18 Rick Patrick May 9, 2013 at 6:22 pm

I disagree with your premise, believing that most in the SBC believe pretty close to the statement Eric wrote last year. Regardless, what about them? They fit within the BFM too. We’ve even got a few Presbyterians in the SBC…at least they receive members who have merely been sprinkled. Again, it’s a pretty big tent, and that’s okay, but if Group A goes narrow with the AP, then Group B can go narrow with the TS. This is what I mean when I say the BFM doesn’t settle it. Certain Baptists on both sides are not moving beyond it, but are moving more narrowly within it…which I suppose they have the autonomy to do.

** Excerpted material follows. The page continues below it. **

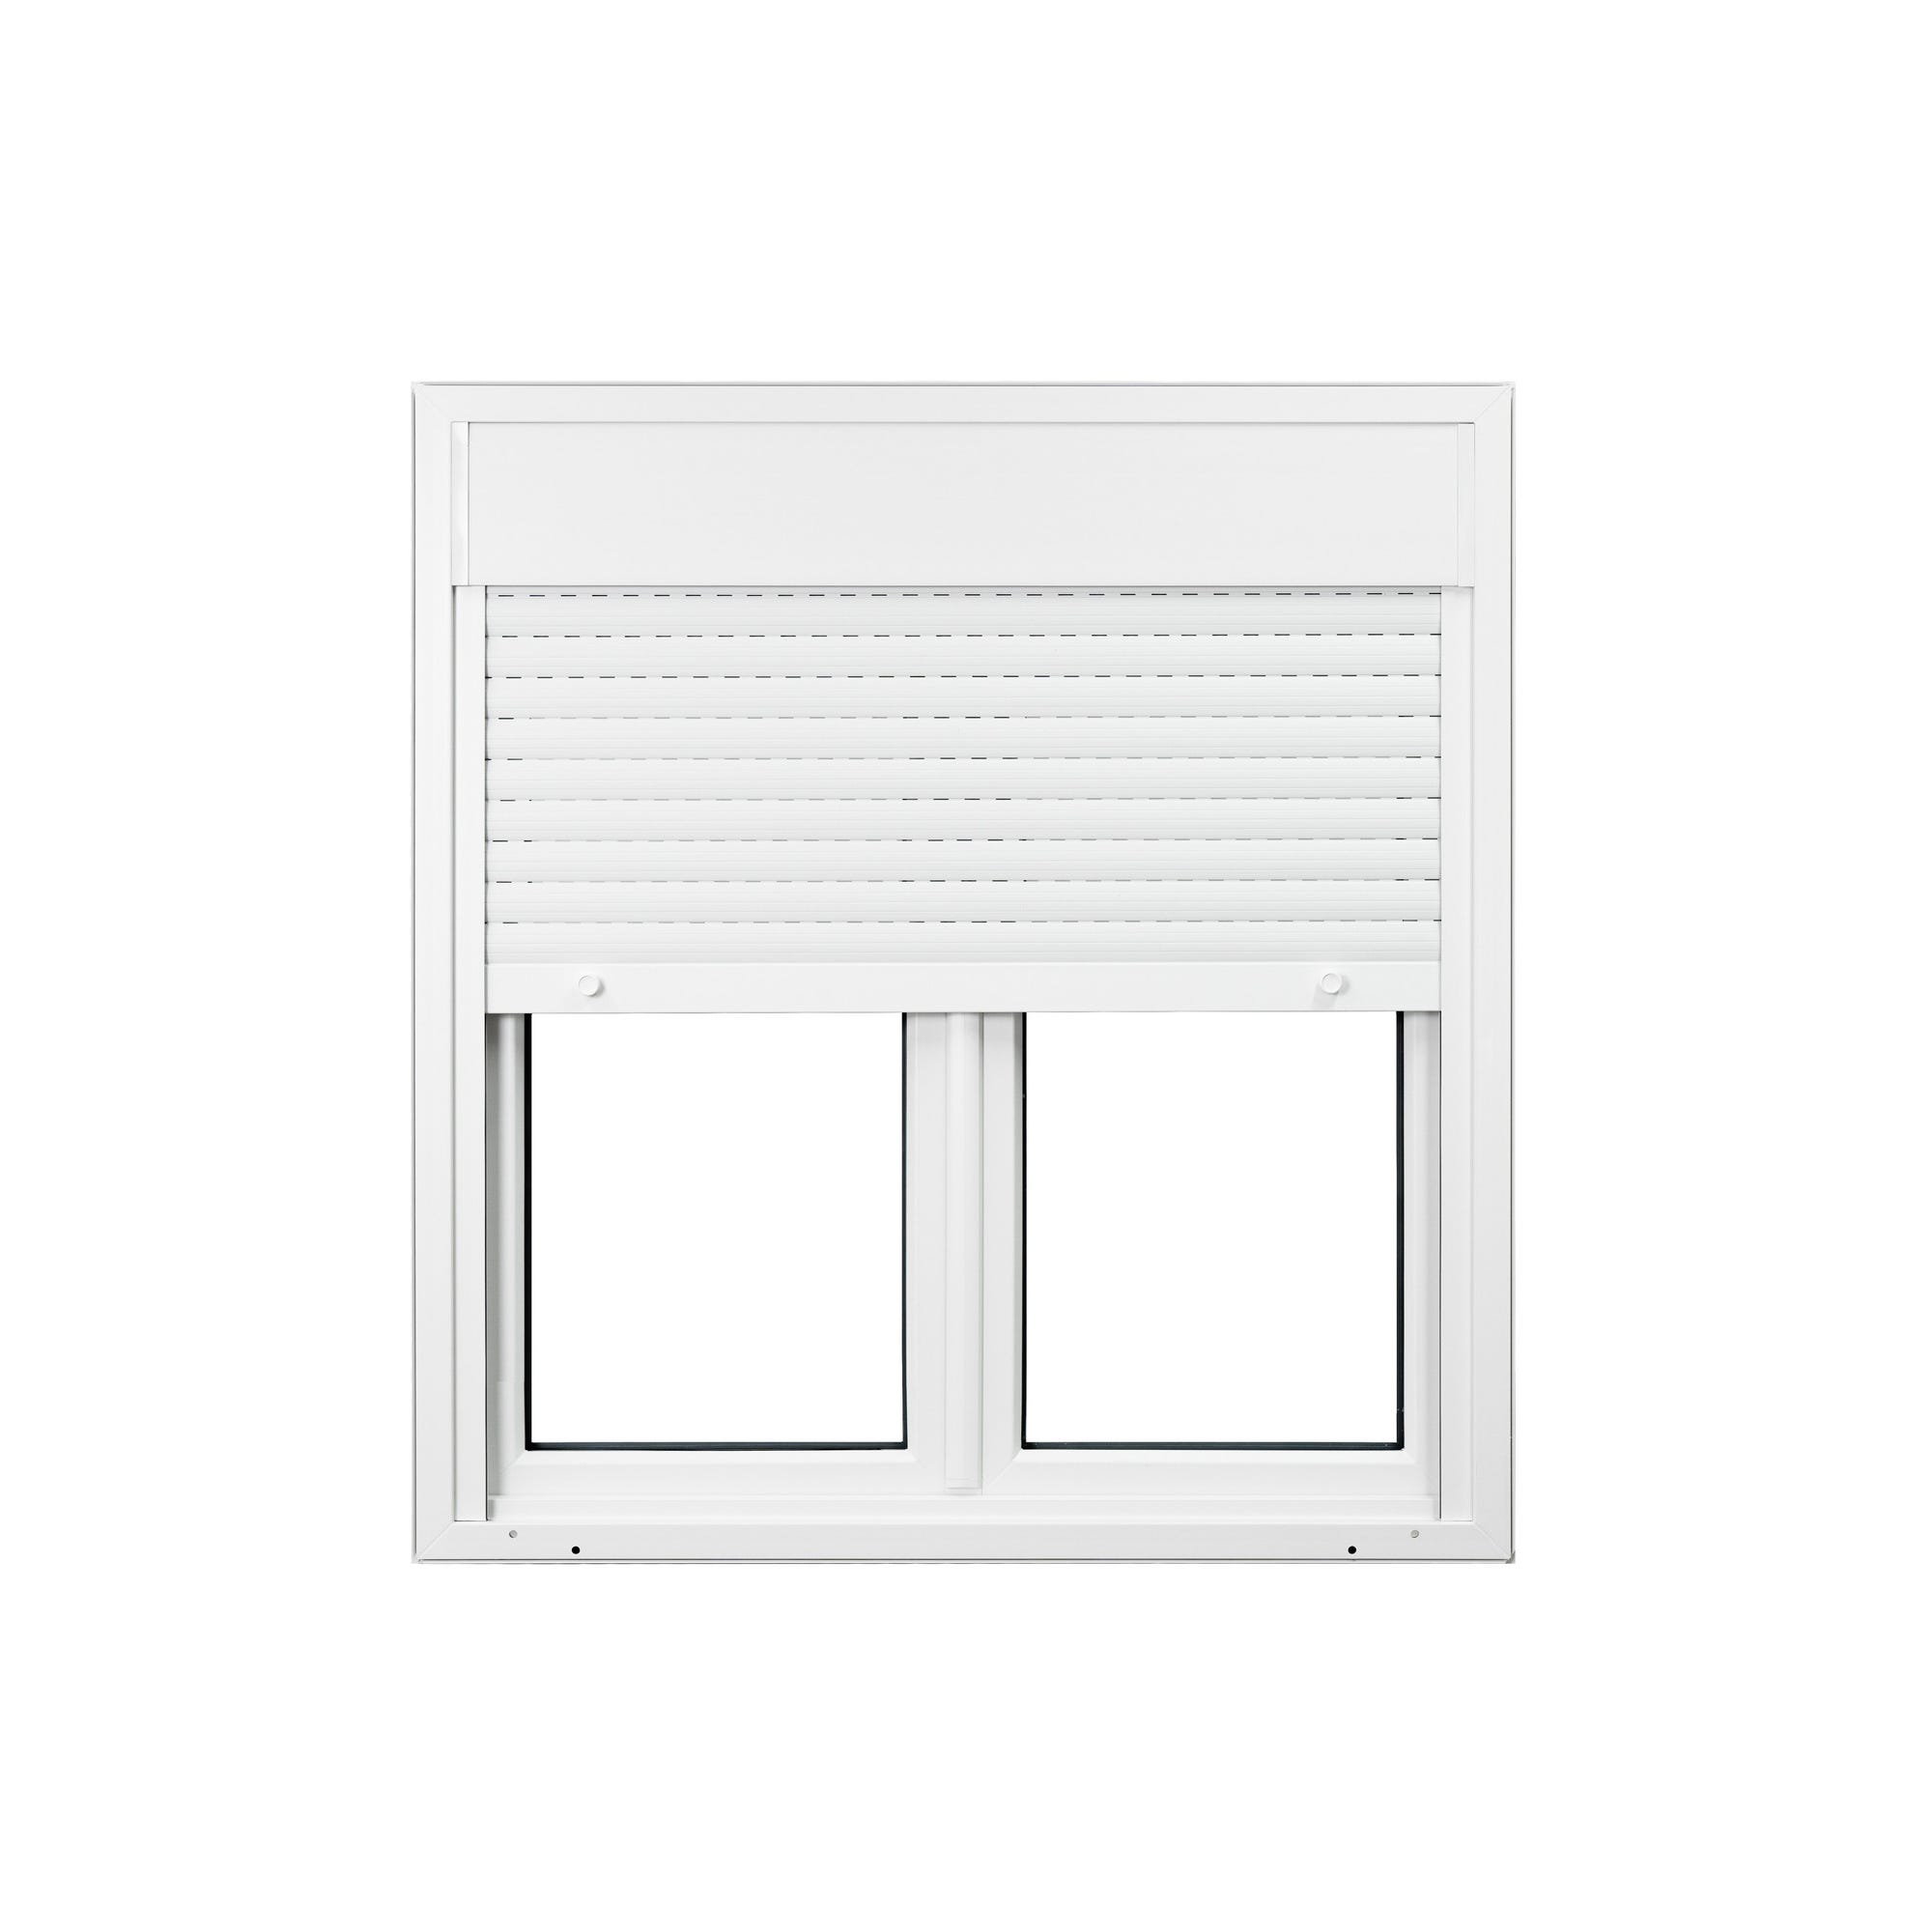 Fenêtre PVC 2 vantaux avec volet roulant intégré monobloc H.125 x l.120 cm - GROSFILLEX 2

19 Chris Roberts May 9, 2013 at 7:57 pm

Rick Patrick Any evidence behind that? While I grant you that most are non-Calvinist, it’s a stretch to say that most would affirm the Trad statement. So my comment is to point out that there aren’t two groups in the SBC. A large group of Calvinists, a small group of “Traditionalists” and a massive group of everyone else.

20 Rick Patrick May 10, 2013 at 9:59 am

@Chris Roberts Rick Patrick YOU got any evidence to support YOUR numbers? Listen, since Paige Patterson, Jerry Vines, Steve Gaines, Morris Chapman, Jimmy Draper, Bobby Welch, Junior Hill, David Allen, the late Roy Fish, Jerry Sutton, Chuck Kelley, and other stellar lifelong Southern Baptist fixtures have all signed the Trad Statement, I assure you, it’s mainstream SBC. Let them represent millions and millions of Southern Baptists who do indeed believe these truths about God’s Plan of Salvation.

21 Rick Patrick May 10, 2013 at 10:10 am

@Chris Roberts Rick Patrick Mark Lamprecht 
I am happy it is not an issue for you, Chris. Really, I am. And again, your experience is true many places. However, there are also many places where local churches possess soteriological convictions exclusively one way or the other. At these churches, theological disclosure by ministry candidates becomes crucially important to avoid a church split. 
With regard to the OP, once again, the crucial issue is not the theology the church and its previous pastor embraced historically, but rather the theology the church and its new pastor plan to embrace in the future. As long as this theological direction is clearly set forth and everyone understands and accepts this direction, it should be absolutely fine. Thus, there is no moral dilemma as long as there is full disclosure.